» **Exercise data**

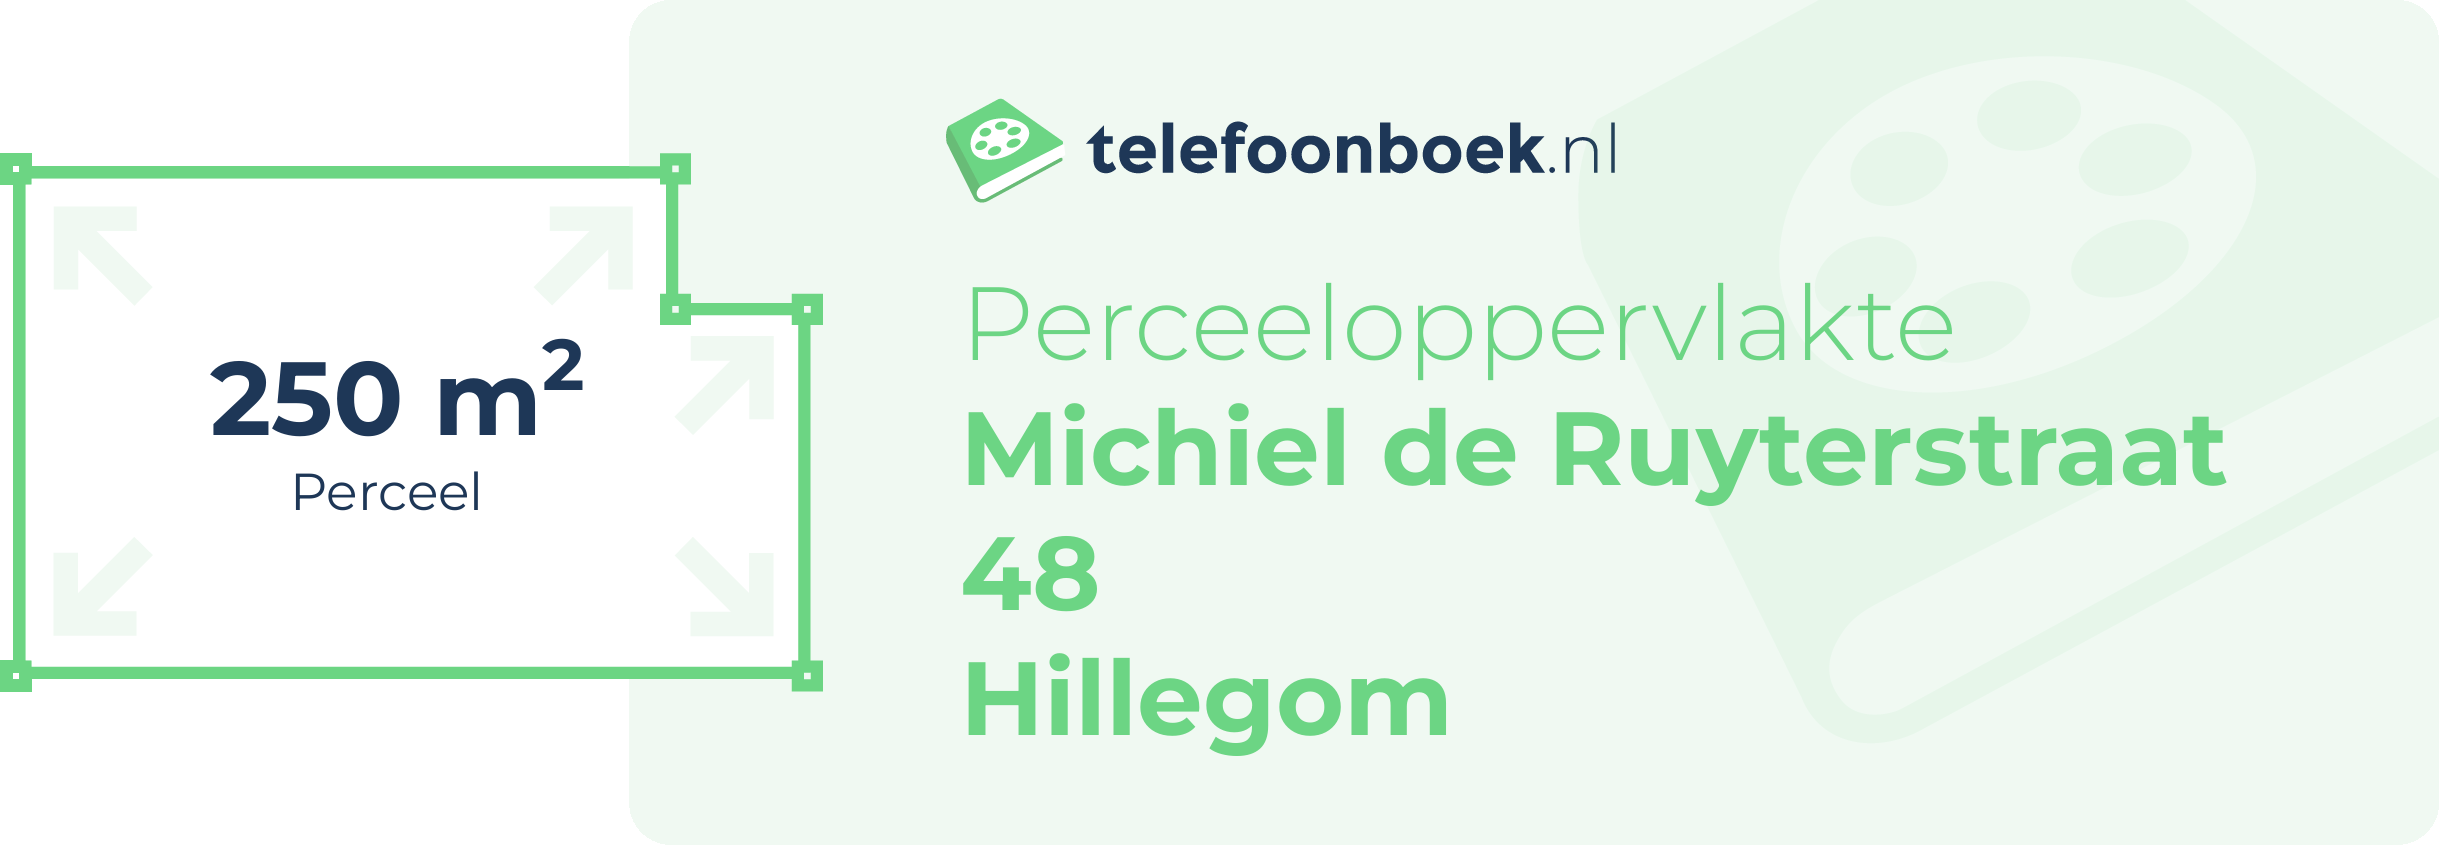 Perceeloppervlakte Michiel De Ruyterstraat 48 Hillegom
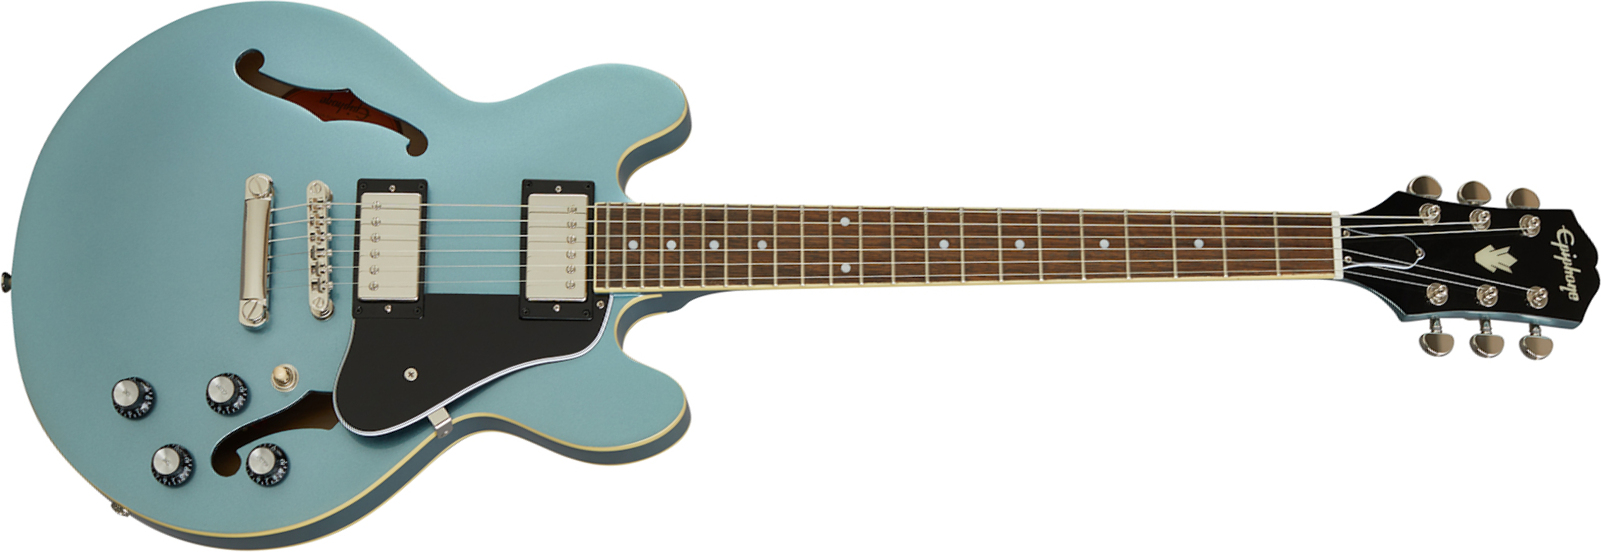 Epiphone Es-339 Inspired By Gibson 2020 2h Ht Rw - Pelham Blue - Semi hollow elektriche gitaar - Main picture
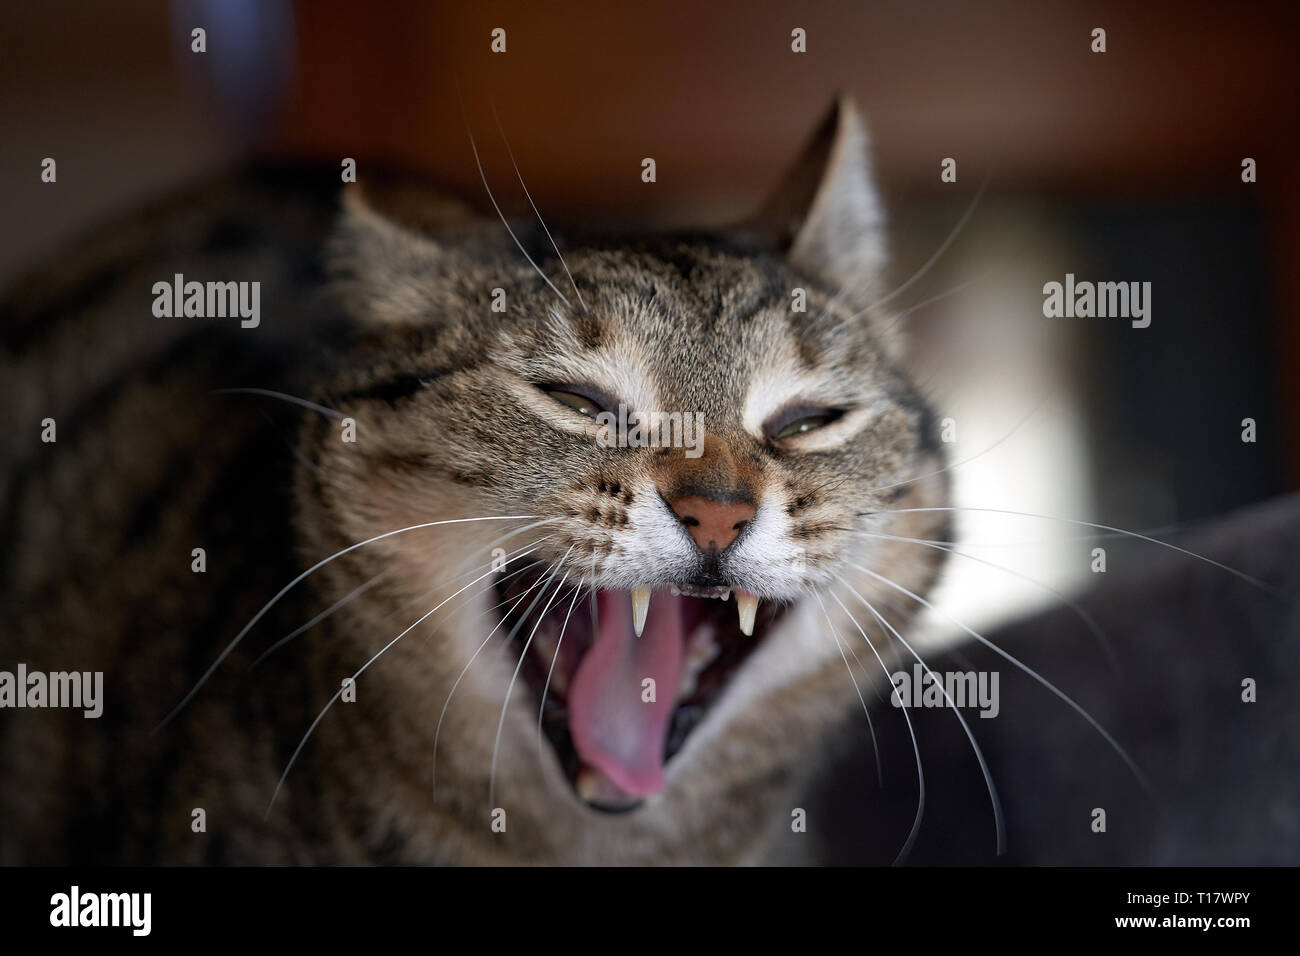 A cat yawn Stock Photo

» **Work required**
Leave out the pictures, and retype exactly the lines from the one containing "Epiphone Es-339 Inspired" through the final line of the data.

» **Answer**
 Epiphone Es-339 Inspired By Gibson 2020 2h Ht Rw - Pelham Blue - Semi hollow elektriche gitaar - Main picture
 A cat yawn Stock Photo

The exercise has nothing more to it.